*MATERIAL PROVIDED*:
○ ○ ○ ○

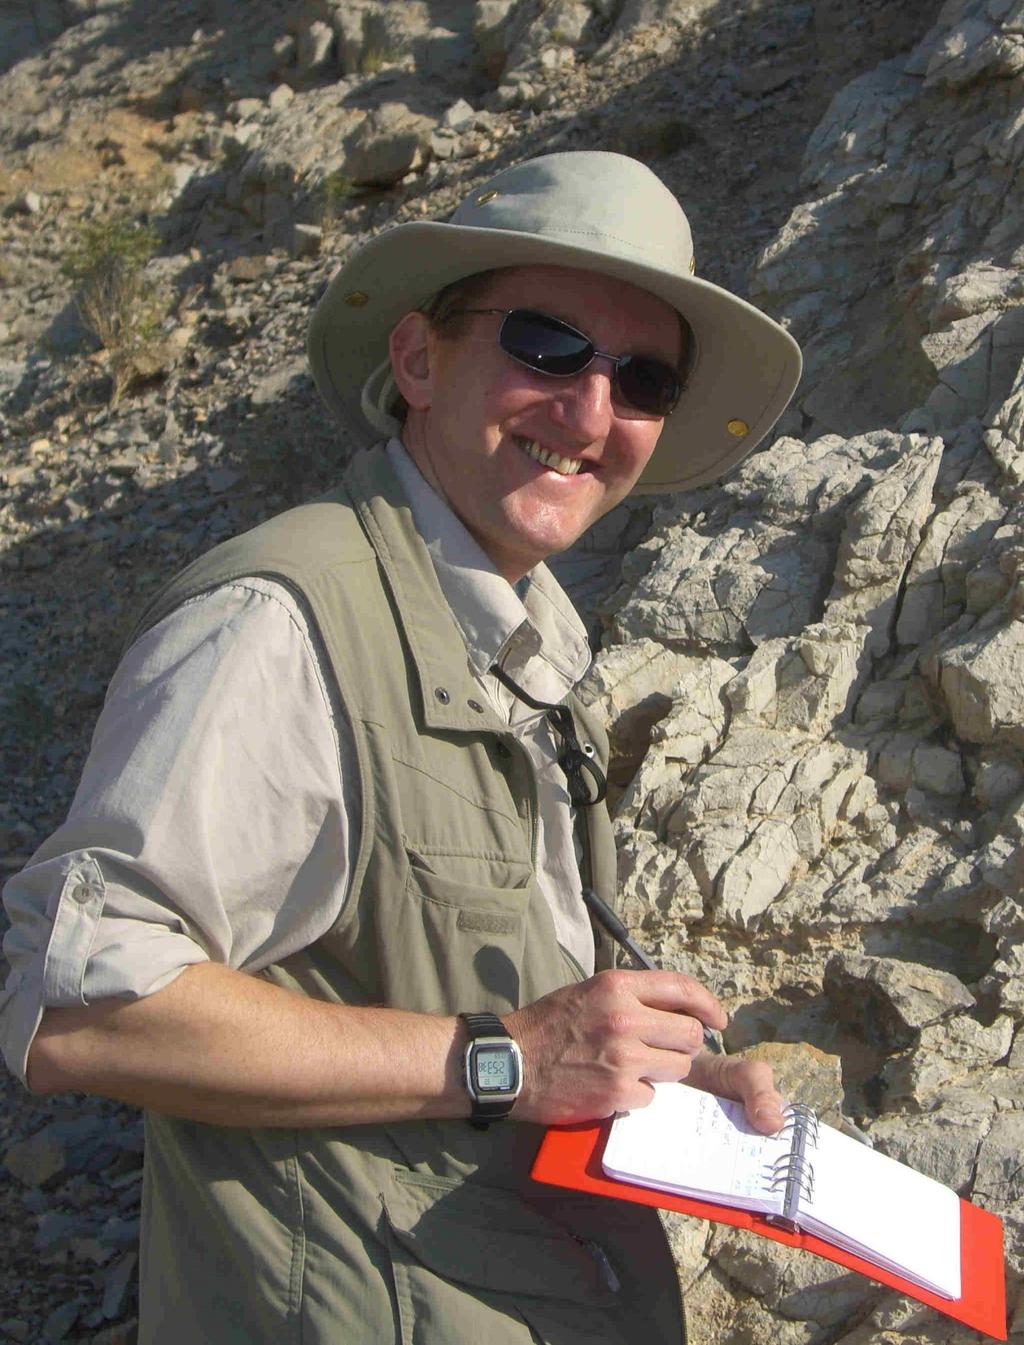 Clive Mitchell 28 years at the British Geological Survey (BGS) as Industrial Minerals Specialist Chartered Geologist (CGeol), Geological Society of London Head of Communications, BGS Since 2002, key
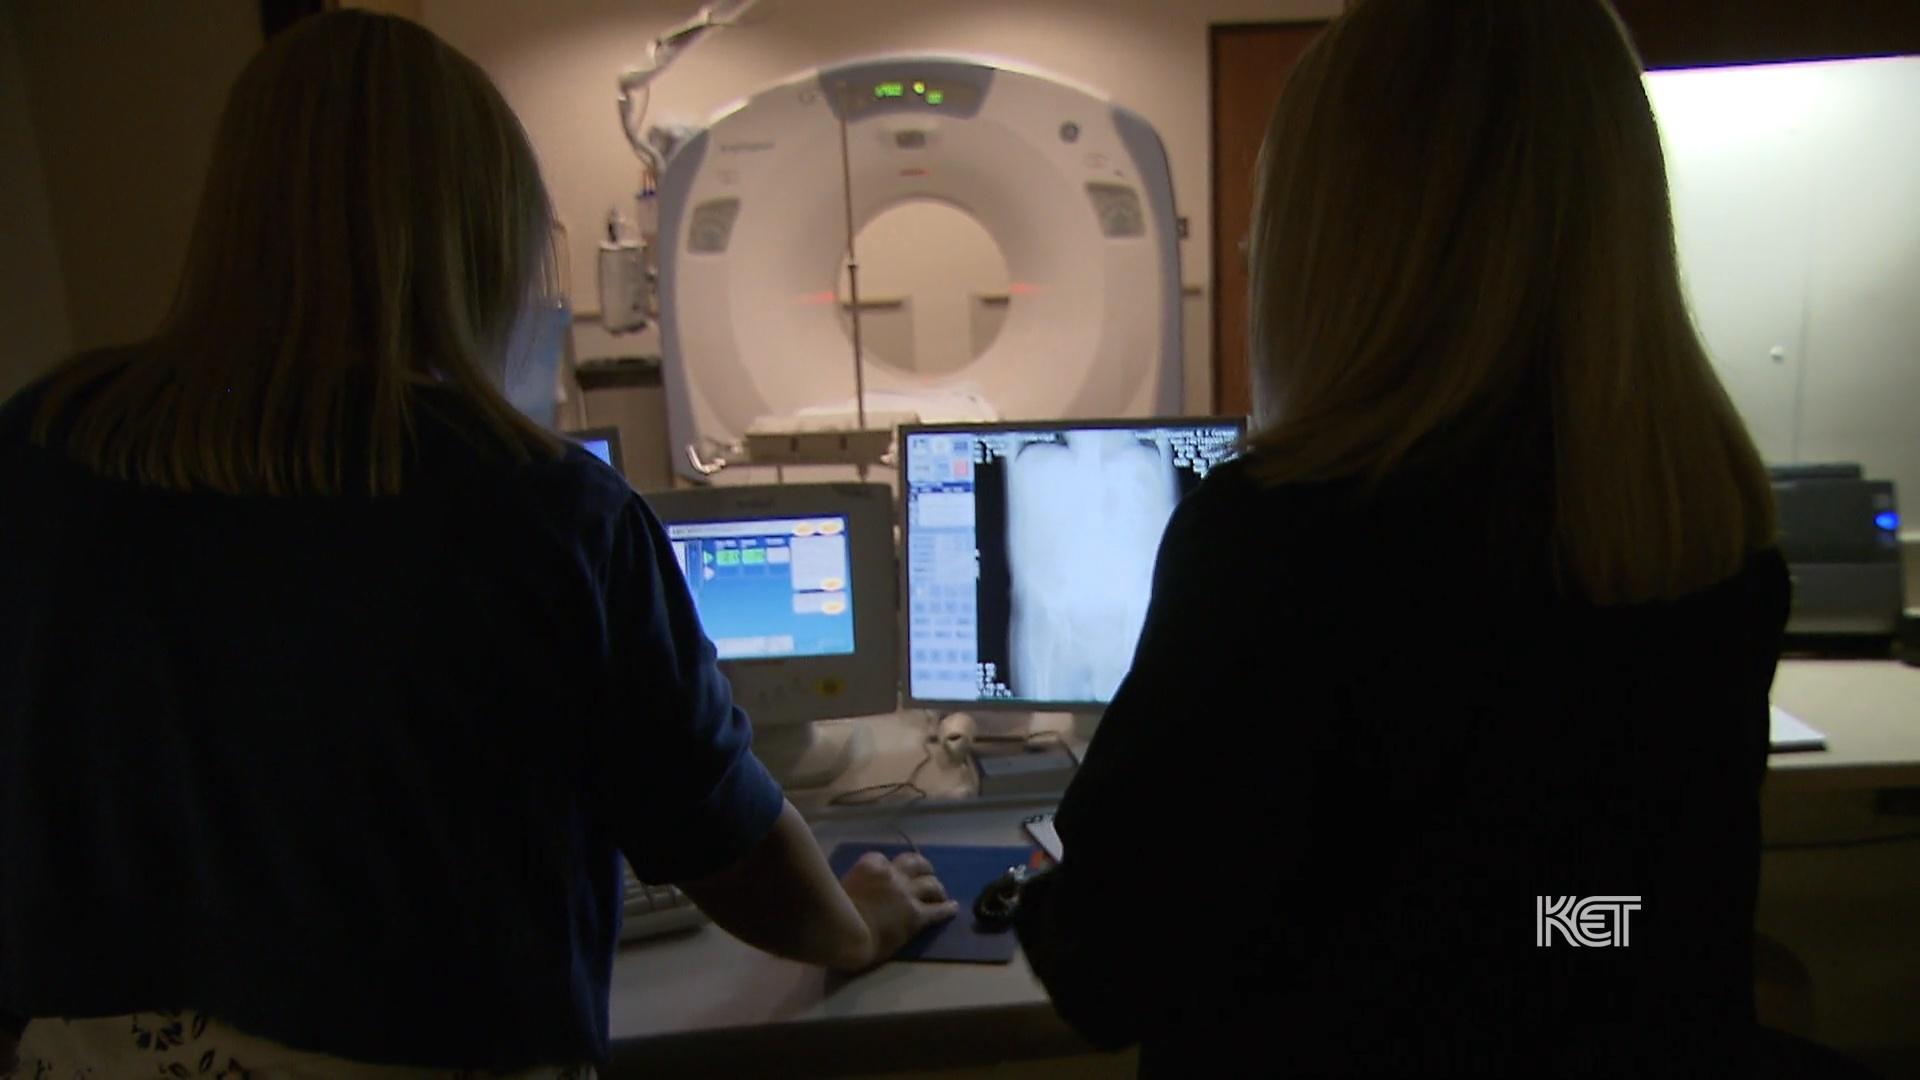 Two women standing in front of computers and an MRI machine
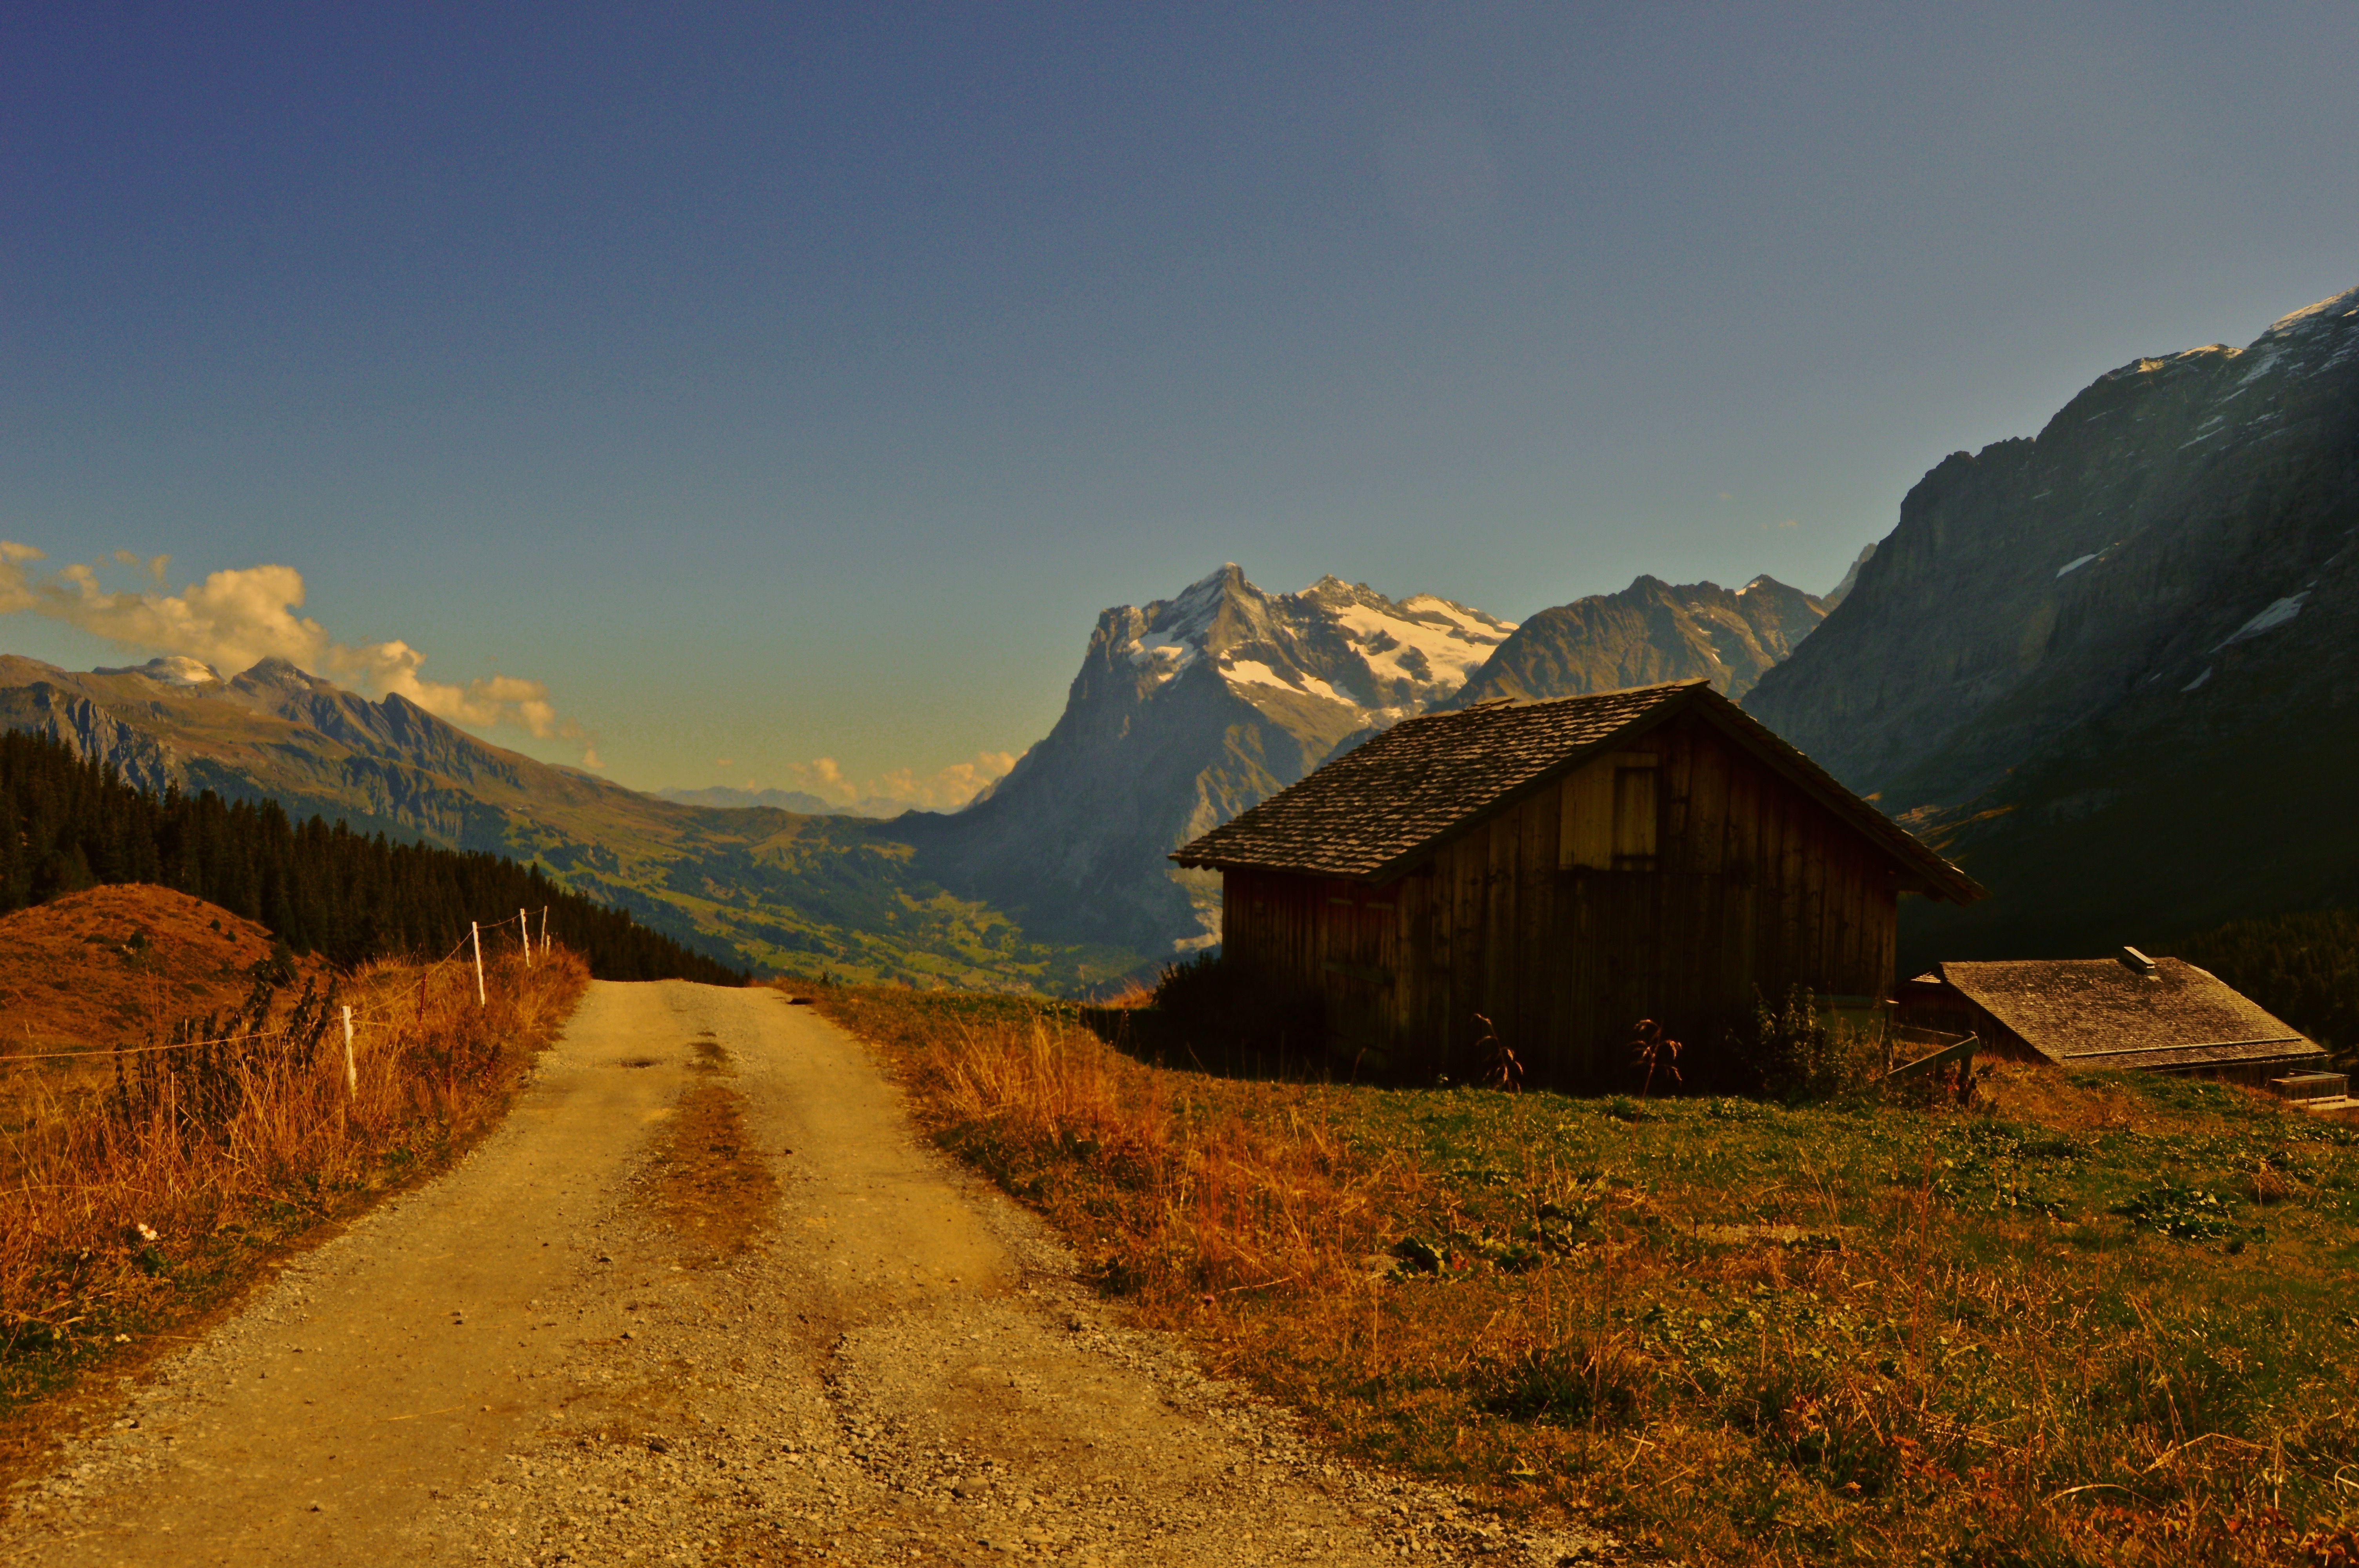 Swiss Alps: A Photo Gallery

○ ○ ○ ○

*PROBLEM TO WORK ON*:
Exactly the lines from the one with "Two women standing" through the end of the listing above are to be repeated, with no pictures.

*EXPECTED OUTPUT*:
 Two women standing in front of computers and an MRI machine
 Swiss Alps: A Photo Gallery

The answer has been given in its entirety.